## DATASET EXCERPT

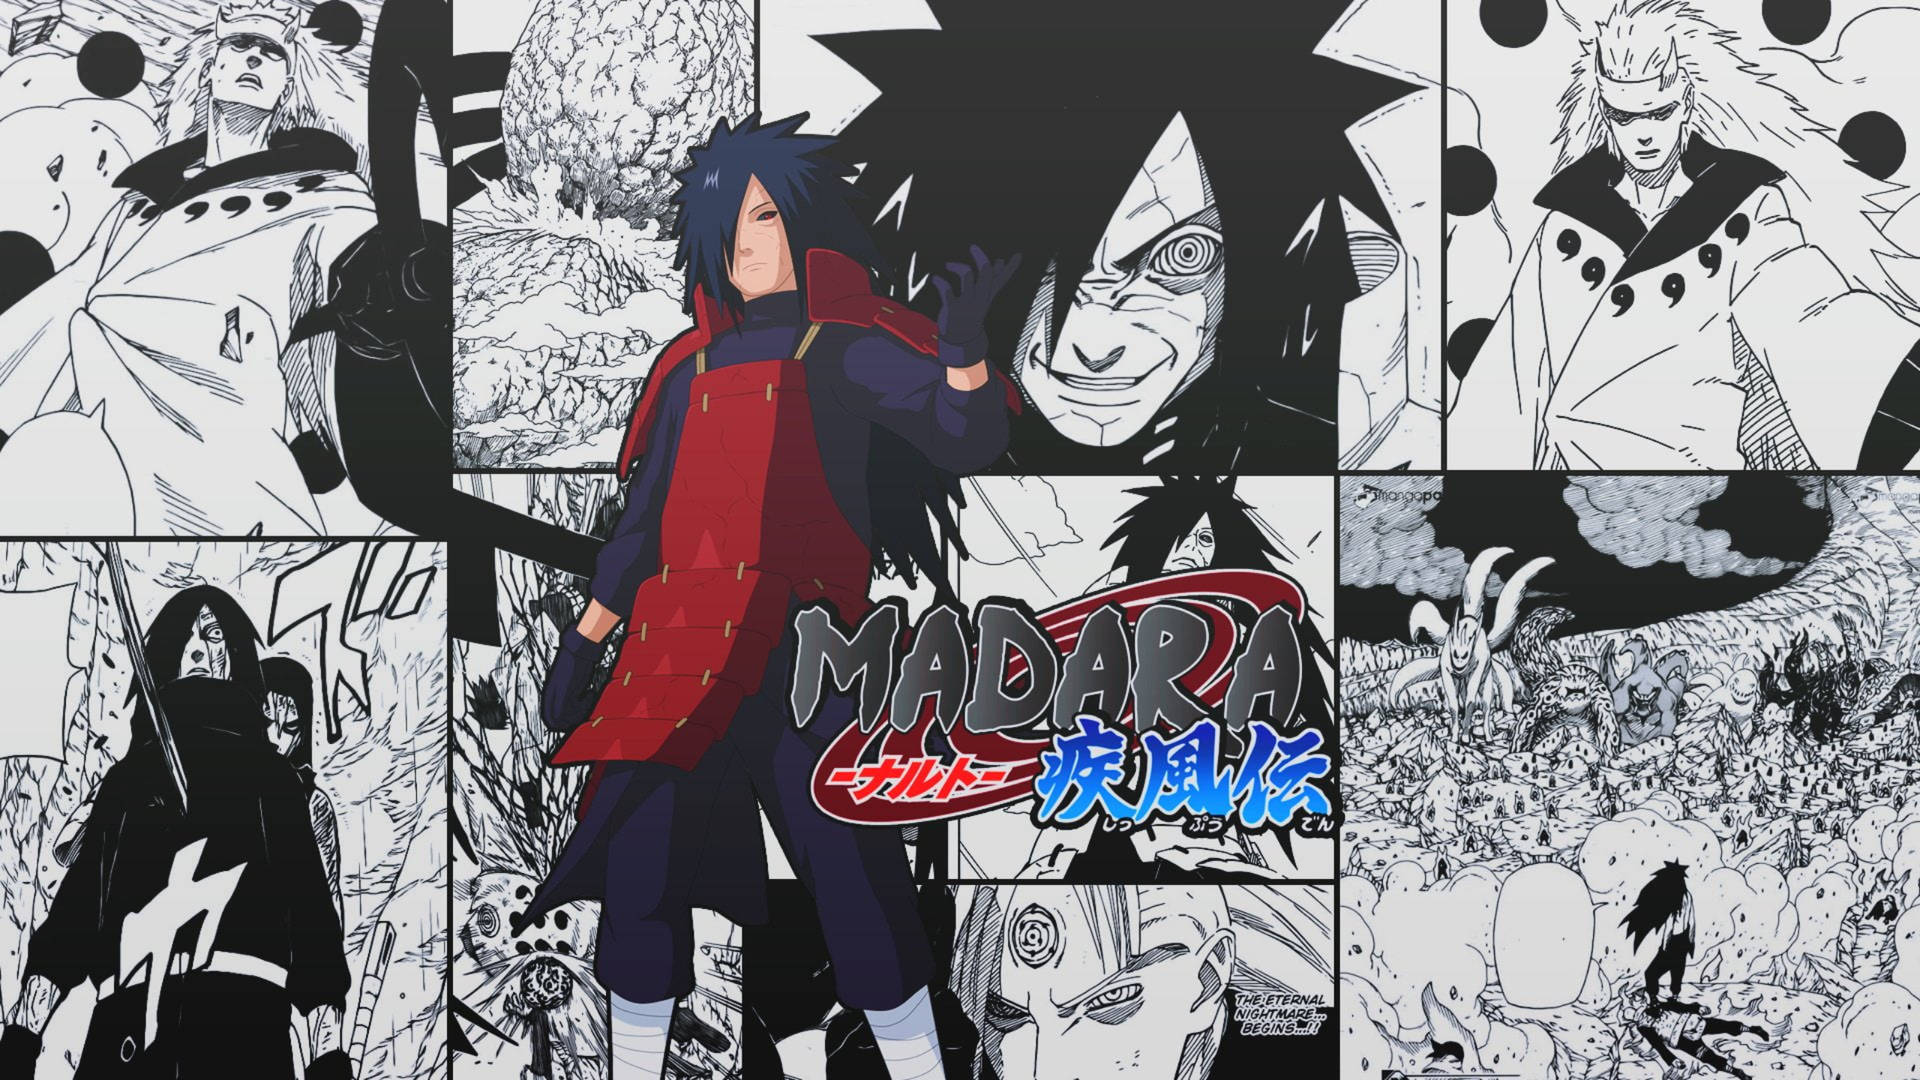 Madara Manga Cover Wallpaper
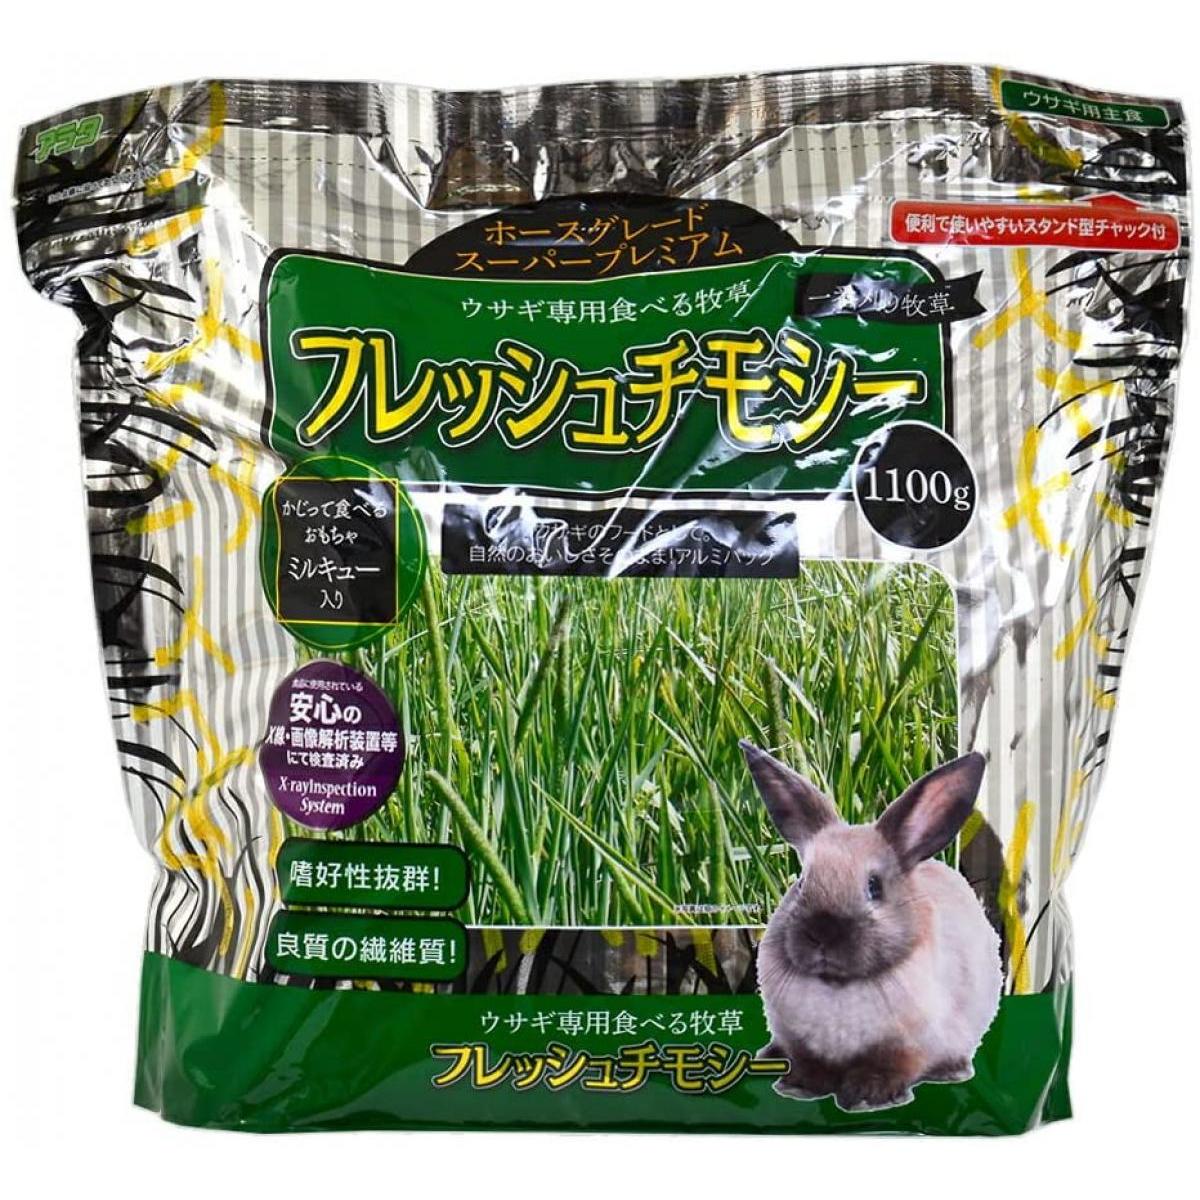 アラタ ウサギ専用食べる牧草 フレッシュチモシー (1100g) ウサギ用フード エサ
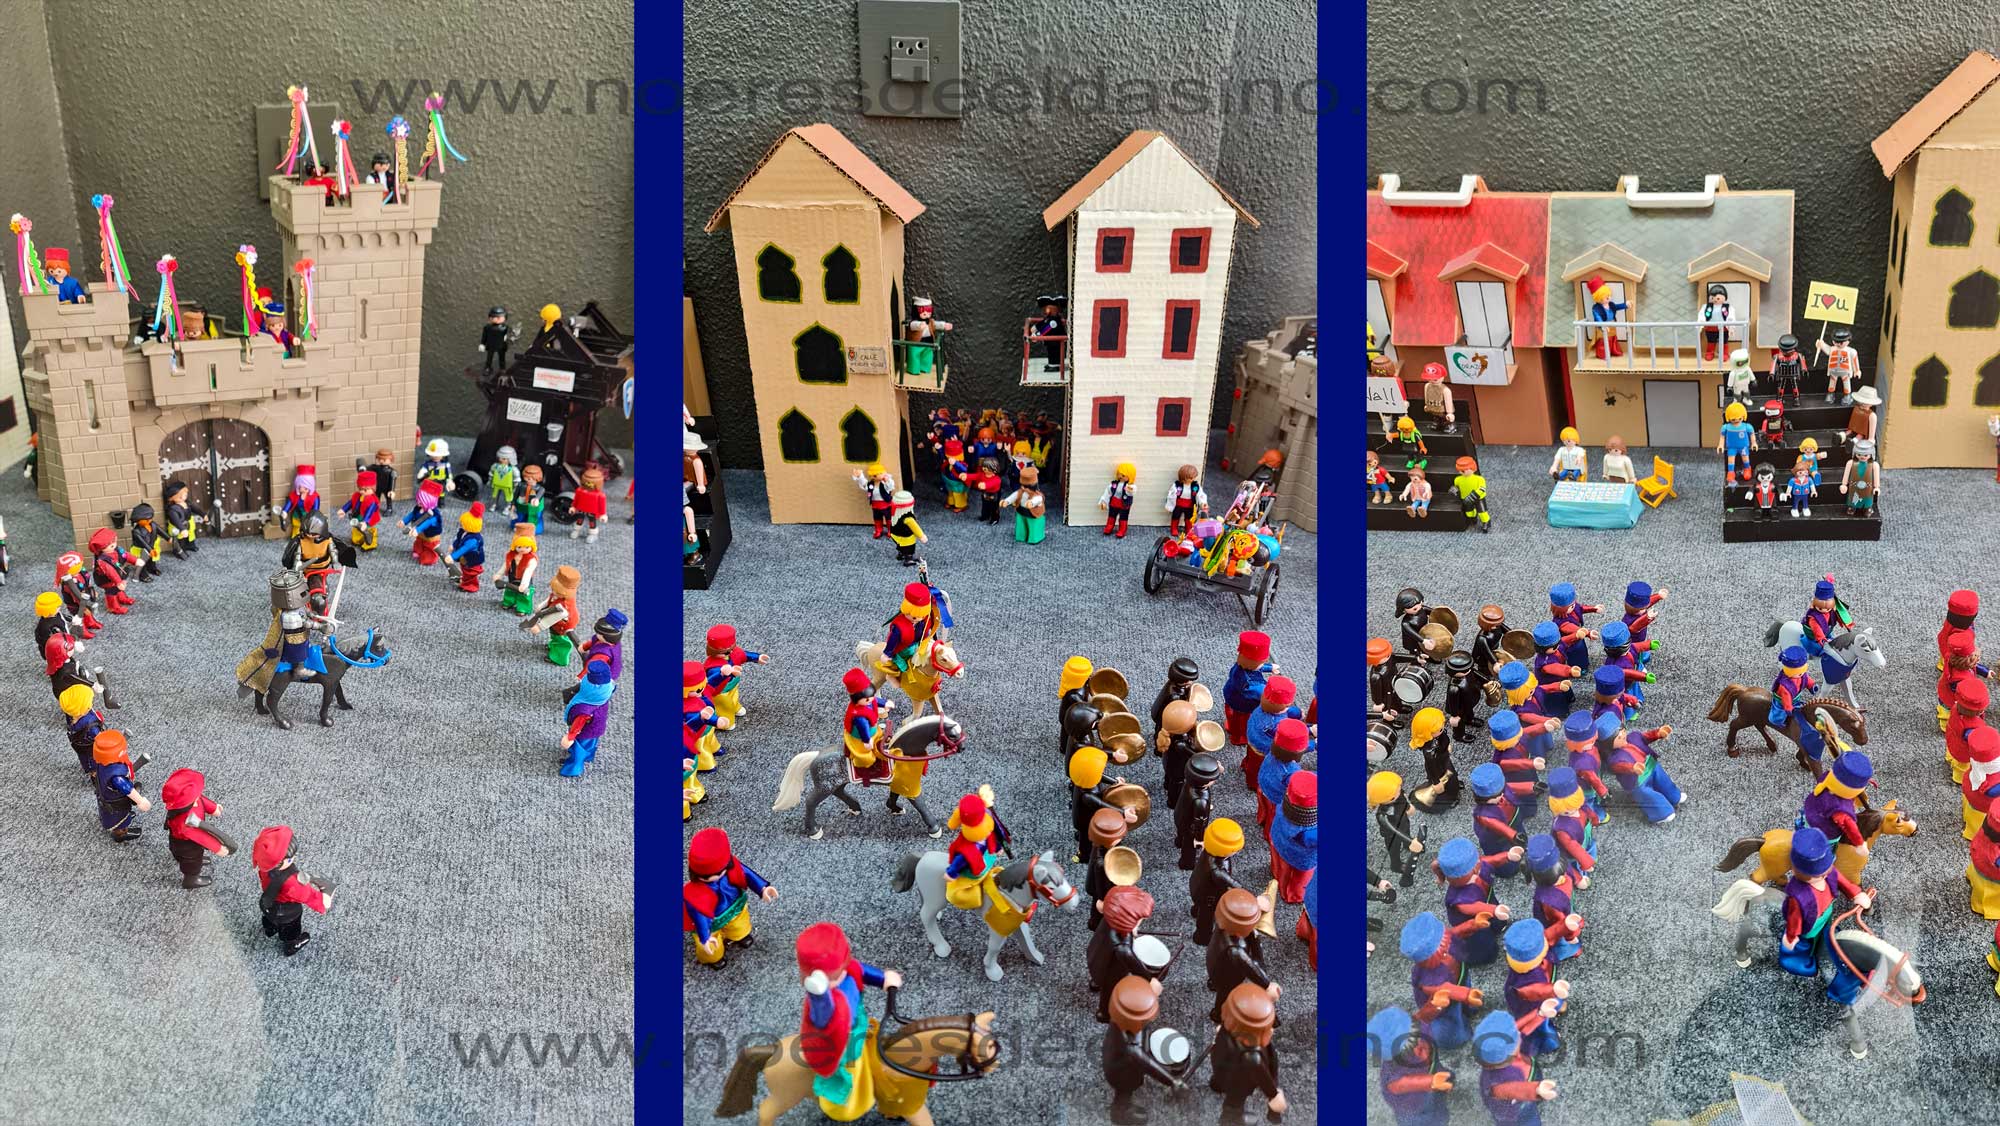 Los Moros y Cristianos de Elda de Playmobil vuelven este 2023 a Juguettos de la calle Nueva

## WHAT NEEDS TO BE DONE
Exactly the lines from the line that contains "アラタ ウサギ専用食べる牧草 フレッシュチモシー (1100g) ウサギ用フード エサ" through the last line above, and no other lines, must be output, with pictures excluded.

## TASK RESPONSE
 アラタ ウサギ専用食べる牧草 フレッシュチモシー (1100g) ウサギ用フード エサ
 Los Moros y Cristianos de Elda de Playmobil vuelven este 2023 a Juguettos de la calle Nueva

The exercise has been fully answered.